DEMANDERESSES A LA REQUETE
Madame [D] [L] épouse [W]
en son nom propre et prise en sa qualité d’héritière de Madame [C] [O] veuve [L], née le 7 Février 1930 à [Localité 10] et décédée le 11 Octobre 2020
née le 2 Septembre 1947 à [Localité 20] (VIETNAM), demeurant [Adresse 3]
Madame [J] [L] veuve [K]
en son nom propre et prise en sa qualité d’héritière de Madame [C] [O] veuve [L], née le 7 Février 1930 à [Localité 10] et décédée le 11 Octobre 2020
née le 6 Août 1952 à [Localité 7] (04), demeurant [Adresse 2]
toutes deux représentées par Me Alexia FARRUGGIO, avocat au barreau d’AIX-EN-PROVENCE, et Me Valentin BOURON, avocat au barreau du VAL DE MARNE, avocat plaidant
DEFENDEURS A LA REQUETE
Monsieur [R] [G]
né le 12 Mai 1964 à [Localité 21], demeurant [Adresse 18]
Madame [Z] [T] épouse [G]
née le 07 Septembre 1966 à [Localité 21], demeurant [Adresse 18]
tous deux représentés par Me Layla TEBIEL de la SCP BUVAT-TEBIEL, avocat postulant au barreau D’AIX-EN-PROVENCE
Monsieur [A] [X], demeurant [Adresse 22]
non comparant ni représenté
SARL ALPES PROVENCE IMMOBILIER
représentée par son liquidateur amiable, Madame [Y]
demeurant [Adresse 19]
représentée par Me Serge BERTHELOT de la SELARL LEGIS-CONSEILS, avocat au barreau de GRASSE
*-*-*-*-*
COMPOSITION DE LA COUR
En vertu de l’article 462 alinéa 3 du code de procédure civile, il a été statué sans audience devant la cour composée de :
Madame Elisabeth TOULOUSE, Présidente de chambre
Madame Catherine OUVREL, Conseillère
Madame Fabienne ALLARD, Conseillère, rapporteur
qui en ont délibéré.
ARRÊT
Défaut,
Prononcé par mise à disposition au greffe le 07 Octobre 2025,
Signé par Madame Elisabeth TOULOUSE, Présidente de chambre et Mme Anastasia LAPIERRE, greffier auquel la minute de la décision a été remise par le magistrat signataire.
***
EXPOSE DE LA REQUETE
Aux termes d’un acte authentique reçu le 6 février 2013 par maître [V] [I], notaire à [Localité 8], les consorts [L] ont vendu une maison à usage d’habitation située à [Localité 14] (04) avec garage et terrain attenant à M. [R] [G] et Mme [Z] [T] épouse [G].

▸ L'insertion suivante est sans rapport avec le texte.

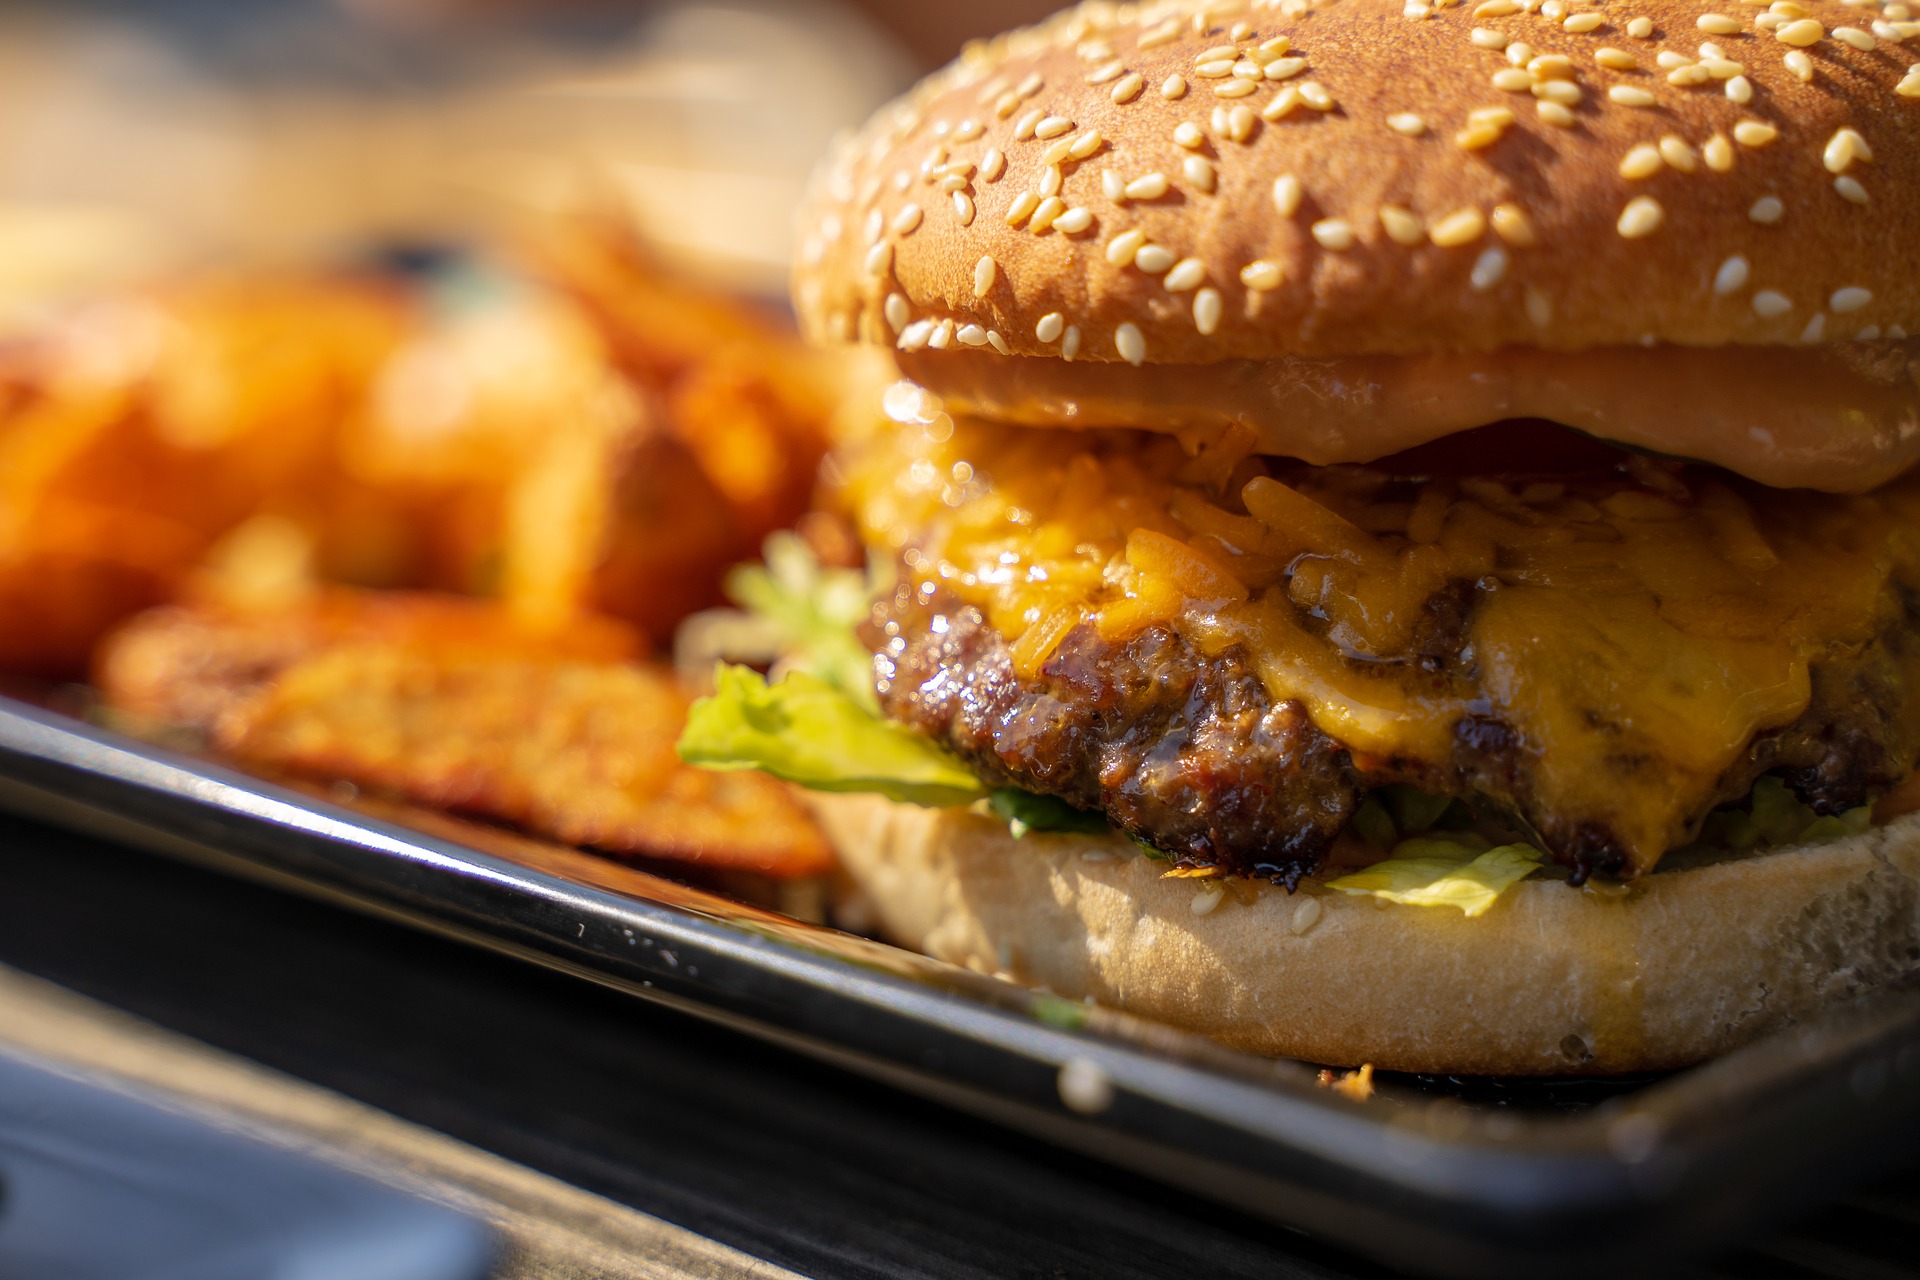 Hamburger Sunumlarınıza Retro Bir Hava Katmak İster Misiniz?

Par acte des 11, 12 et 17 octobre 2016, les époux [G] ont assigné les consorts [L], l’agence immobilière Alpes Provence immobilier, et M. [A] [X] artisan maçon, aux fins d’obtenir l’annulation de la vente sur le fondement du dol, subsidiairement, sur le fondement de l’erreur ou de la garantie des vices cachés, et le versement de dommages-intérêts.

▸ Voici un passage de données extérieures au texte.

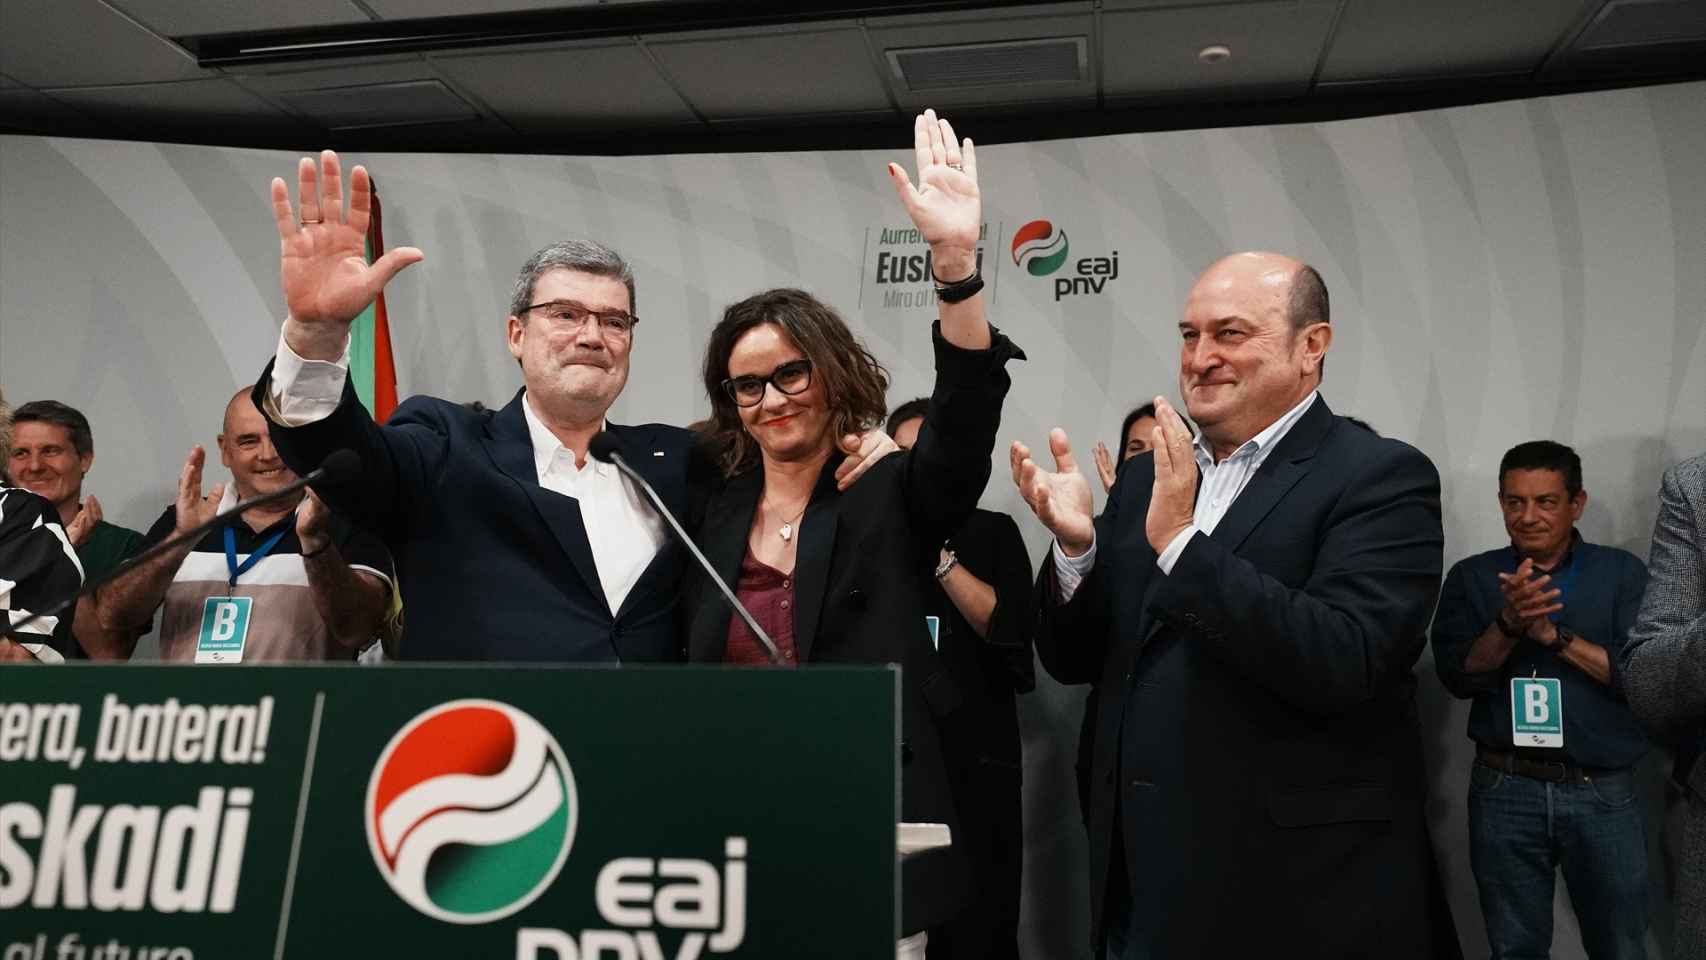 Aburto mantiene la 'makila' en Bilbao y EH Bildu da el 'sorpasso' a PSE como segunda fuerza

Par jugement du 20 mars 2019, le tribunal de grande instance de Digne les Bains a rejeté toutes les fins de non-recevoir, débouté les époux [G] de toutes leurs demandes et les a condamnés aux dépens.
Le 14 mai 2019, les époux [G] ont interjeté appel de cette décision et par un arrêt rendu par défaut le 7 juin 2022, la cour d’appel d’Aix-en-Provence a infirmé le jugement déféré en toutes ses dispositions et statuant à nouveau et y ajoutant, a :
— prononcé la résolution de la vente par acte authentique dressé par acte de maître [V] [I], notaire à [Localité 9], le 6 février 2013 entre M. [R] [G] et Mme [Z] [G] née [T] d’une part, et d’autre part Mme [C] [O] veuve [L], Mme [D] [L] épouse [W] et Mme [J] [L] veuve [K], portant sur le bien immobilier sis à [Adresse 15]" figurant au cadastre sous le numéro section B n° [Cadastre 5]une surface de 11 a et 74 centiares,
— ordonné la publication du présent arrêt au service de la publicité foncière,
— condamné in solidum Mme [C] [O] veuve [L], Mme [D] [L] épouse [W] et Mme [J] [L] veuve [K] à payer à M. [R] [G] et à Mme [Z] [T] épouse [G], la somme de 110 000 euros, au titre de la restitution du prix de vente, avec intérêts au taux légal à compter de l’assignation du 17 octobre 2016,
— condamné in solidum Mme [C] [O] veuve [L], Mme [D] [L] épouse [W] et Mme [J] [L] veuve [K] à payer à M. [R] [G] et à Mme [Z] [T] épouse [G] la somme totale de 17 460,14 euros à titre de dommages et intérêts, toutes causes de préjudices confondues, avec intérêts au taux légal à compter du présent arrêt,
— rejeté toutes les demandes dirigées contre la SARL Alpes Provence Immobilier et M. [X],
— condamné in solidum Mme [C] [O] veuve [L], Mme [D] [L] épouse [W] et Mme [J] [L] veuve [K] à payer à M. [R] [G] et Mme [Z] [T] épouse [G] la somme de 3000 euros et la somme de 1500 euros, à la SARL Alpes Provence Immobilier, au titre de l’article 700 du code de procédure civile, outre les dépens de première instance et d’appel et ceux du référé du 5 décembre 2013, ainsi que les frais de l’expertise de M. [P] [F].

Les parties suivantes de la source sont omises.